I've used jpegtran for over a decade to losslessly optimize my photos and did a lot of double checking to make sure it was safe. This StackOverflow answer shows how you can compare the before and after using ImageMagick. You can do similar comparisons with image programs such as Lightroom/GIMP.

The one thing you do need to watch for is when there is metadata in a trailer of the image. You can check with
exiftool -Trailer:all file.jpg

Samsung products like to add a trailer, especially the motion photos, where the motion part is an MP4 video attached as a trailer. Also, some programs such as FotoStation will attach data as a trailer. Trailer data will be lost when using jpegtran. I don't think exiftool can copy a trailer, I can't remember about that offhand.
"It didn't work" isn't helpful. What was the exact command used and the output.
Read FAQ #3 and use that cmd
Please use the Code button for exiftool output

Please include your OS/Exiftool version/filetype

StarGeek

Digging through the archives, this post shows what ImageMagick returns if there is a difference between to images. In that case, they loaded the image into Paint and resaved.

The difference between your original and optimized images looks like this.
diff.jpg

Notice there are no red pixels which would indicate a difference in color.
"It didn't work" isn't helpful. What was the exact command used and the output.
Read FAQ #3 and use that cmd
Please use the Code button for exiftool output

Please include your OS/Exiftool version/filetype

Phil Harvey

Using the -htmldump option I can see that there is an unknown 789445-byte trailer on original.jpg that is missing from optimized.jpg.  The trailer contains a JPEG image that looks like some sort of HDR data, plus this text:

vivo{"com.android.camera.hdr":83458,
"com.android.camera.joint.fullview.orientation":0,
"com.android.camera.fisheye":-1,
"com.android.camera.takenmodel":"vivo X100 Pro",
"com.android.camera.watermarkVersion":null,
"com.android.camera.camerafacing":"0",
"com.android.camera.moduleid":"photo",
"version":2014,
"com.android.camera.project":"PD2324",
"com.vivo.xdr.maxGain":0.80559444,
"com.android.camera.joint.fullview":false}

- Phil
...where DIR is the name of a directory/folder containing the images.  On Mac/Linux/PowerShell, use single quotes (') instead of double quotes (") around arguments containing a dollar sign ($).

StarGeek

Ah, so using -Trailer:all doesn't show it, but using -Trailer
C:\>exiftool -G1 -a -s -trailer Y:\!temp\x\y\original.jpg
[File]          Trailer                         : (Binary data 789445 bytes, use -b option to extract)

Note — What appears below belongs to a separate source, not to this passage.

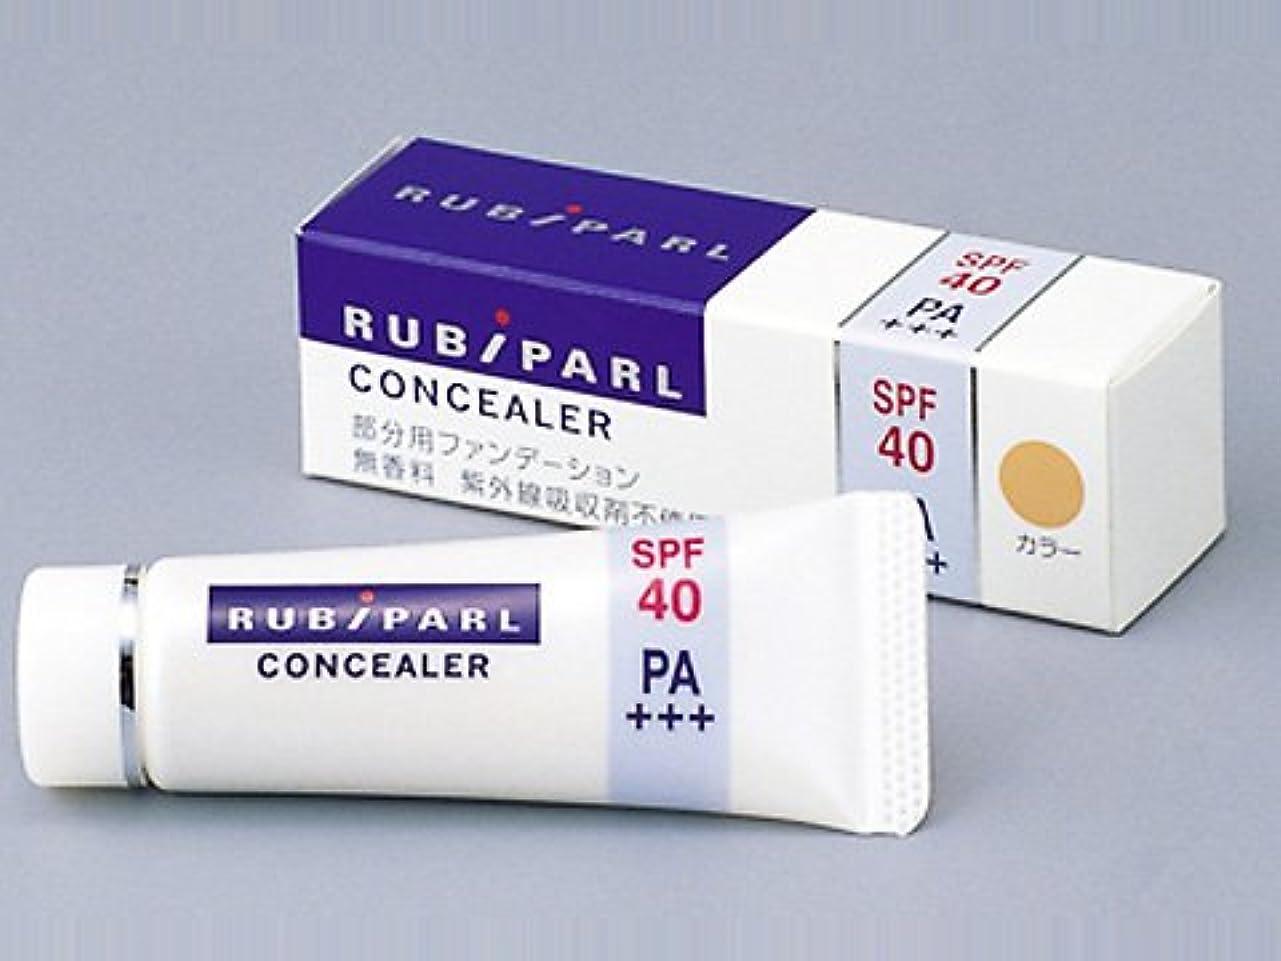 雇ったかもしれないシリングルビパール コンシーラーナチュラル 15g (普通~健康的な肌色の方に)SPF40?PA+++ 部分用ファンデーション
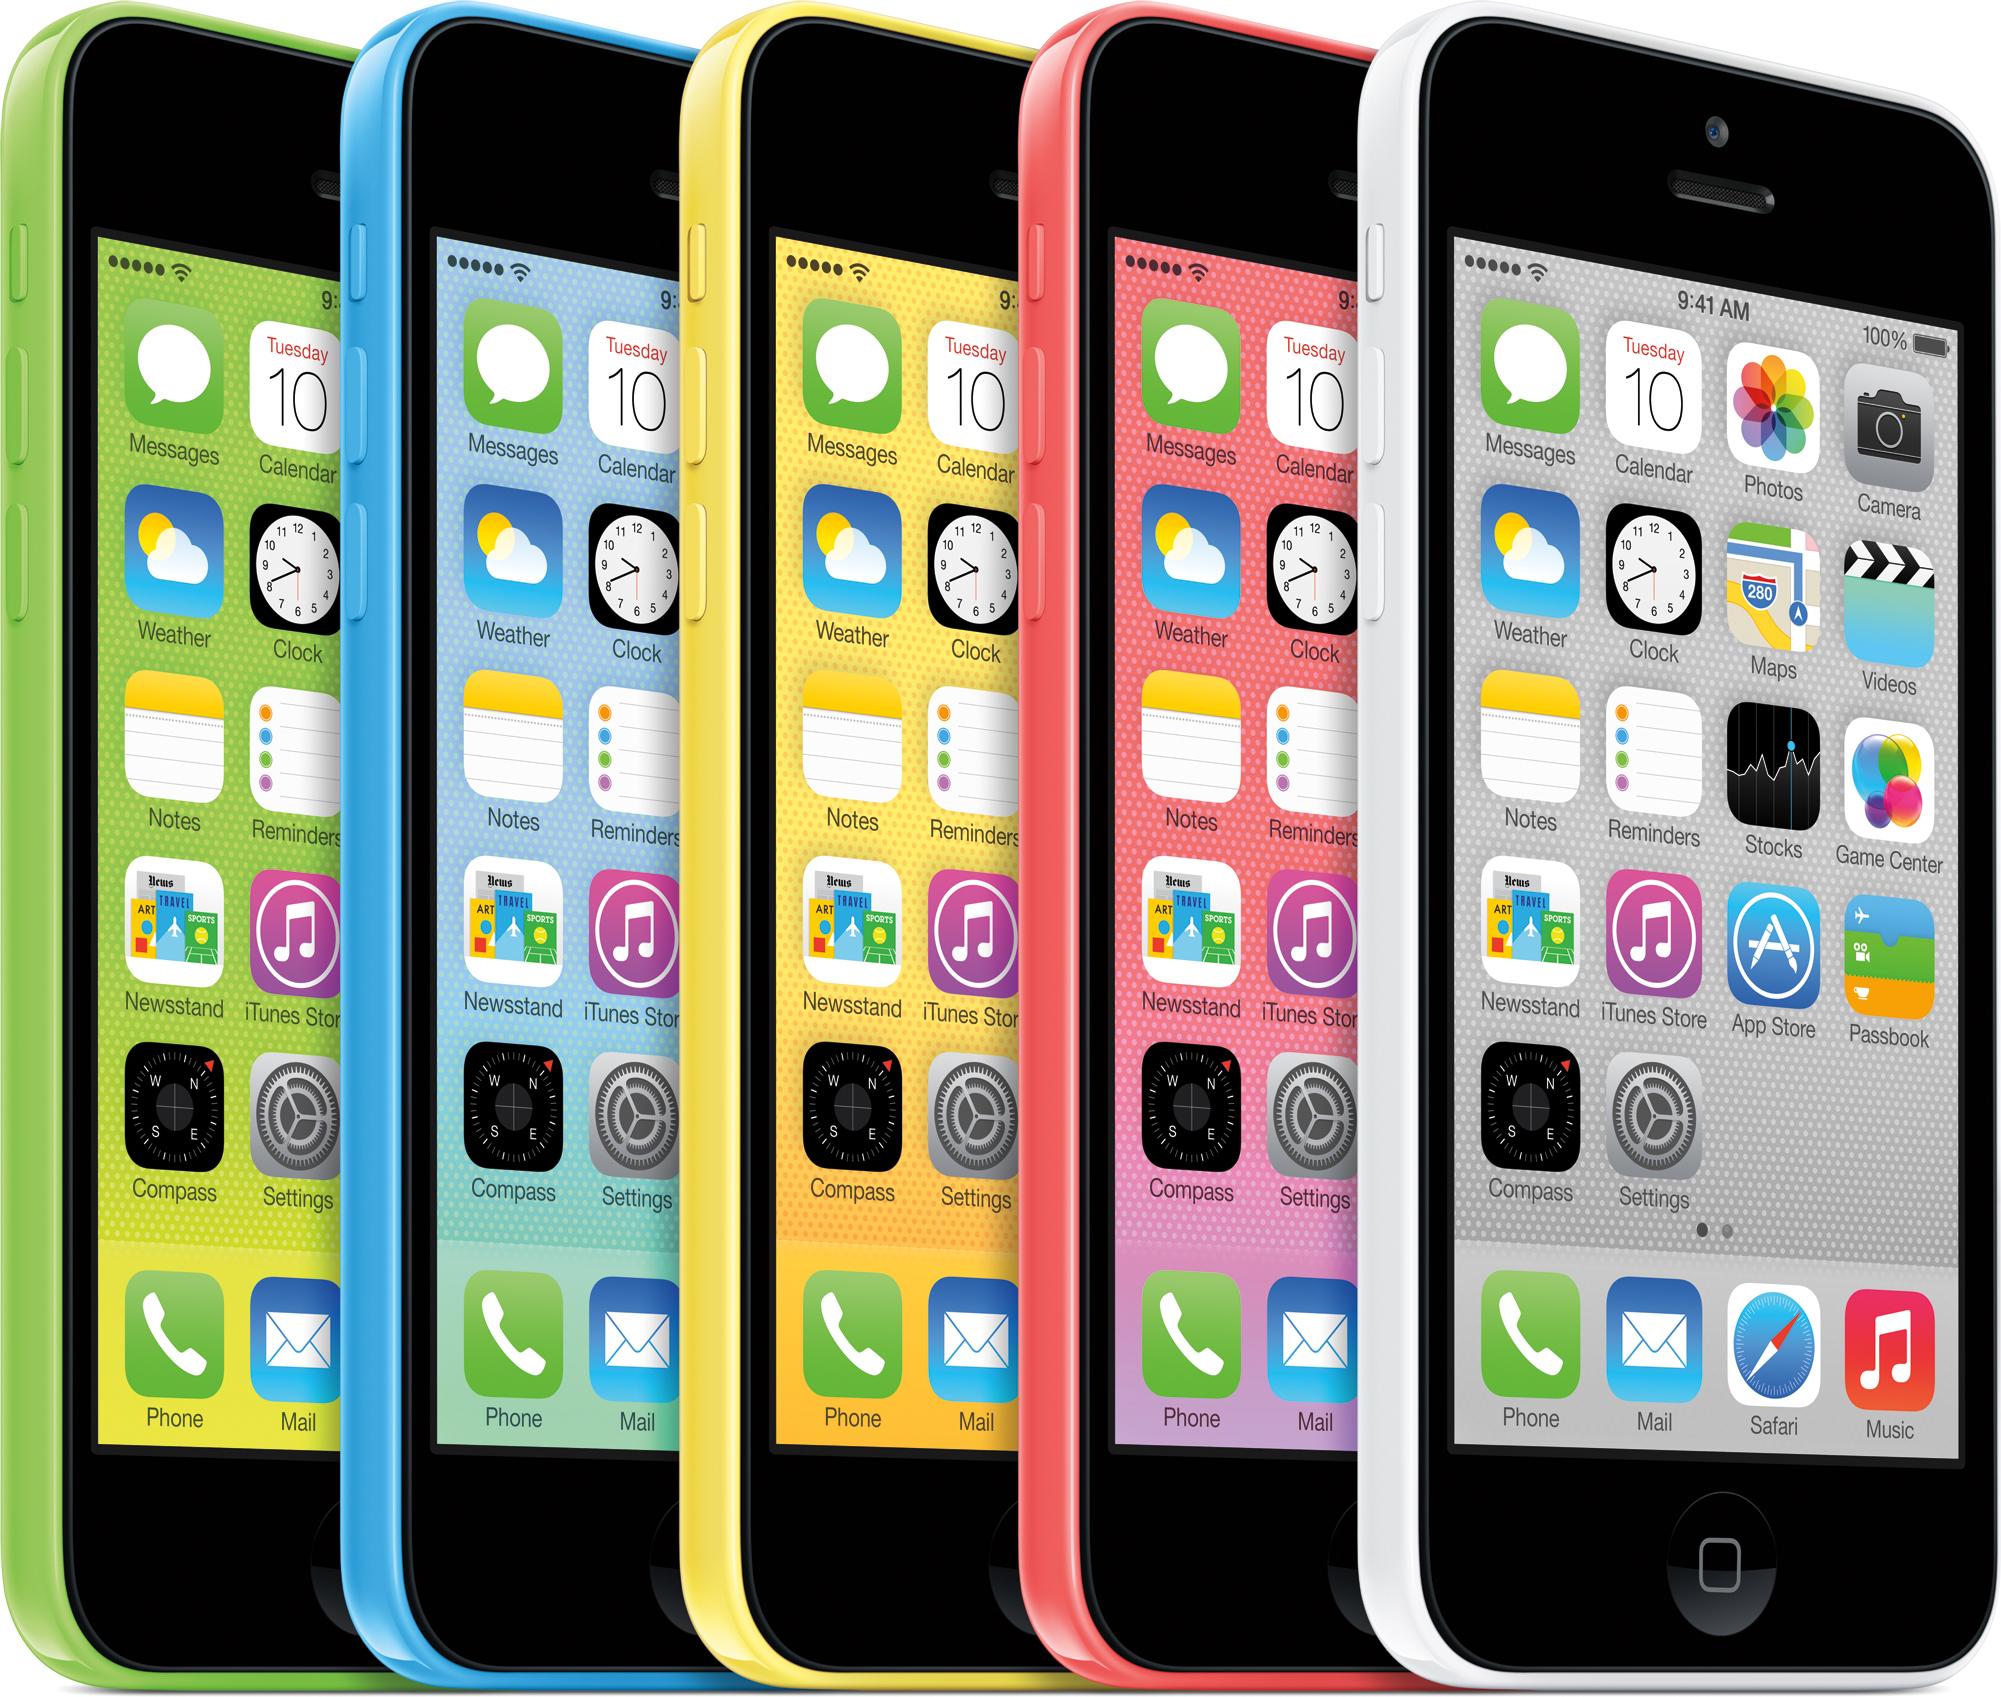 Cores dos iPhones 5c

So you would not want to run jpegtran on these files if the trailer data is important.
"It didn't work" isn't helpful. What was the exact command used and the output.
Read FAQ #3 and use that cmd
Please use the Code button for exiftool output

Please include your OS/Exiftool version/filetype

Phil Harvey

Quote from: StarGeek on January 13, 2025, 12:57:40 PMAh, so using -Trailer:all doesn't show it

Yes, -trailer:all didn't show it because there were no tags extracted (and the trailer wasn't requested as a block).  But ExifTool 13.13 will extract some tags from this trailer.

- Phil
...where DIR is the name of a directory/folder containing the images.  On Mac/Linux/PowerShell, use single quotes (') instead of double quotes (") around arguments containing a dollar sign ($).

yegiv

Quote from: Phil Harvey on January 13, 2025, 12:23:40 PMThe trailer contains a JPEG image that looks like some sort of HDR data, plus this text
Yes, this! Thank you, solved - checked several photos, weight of this invisible "HDR" tail is about 0,7-1,1 MB.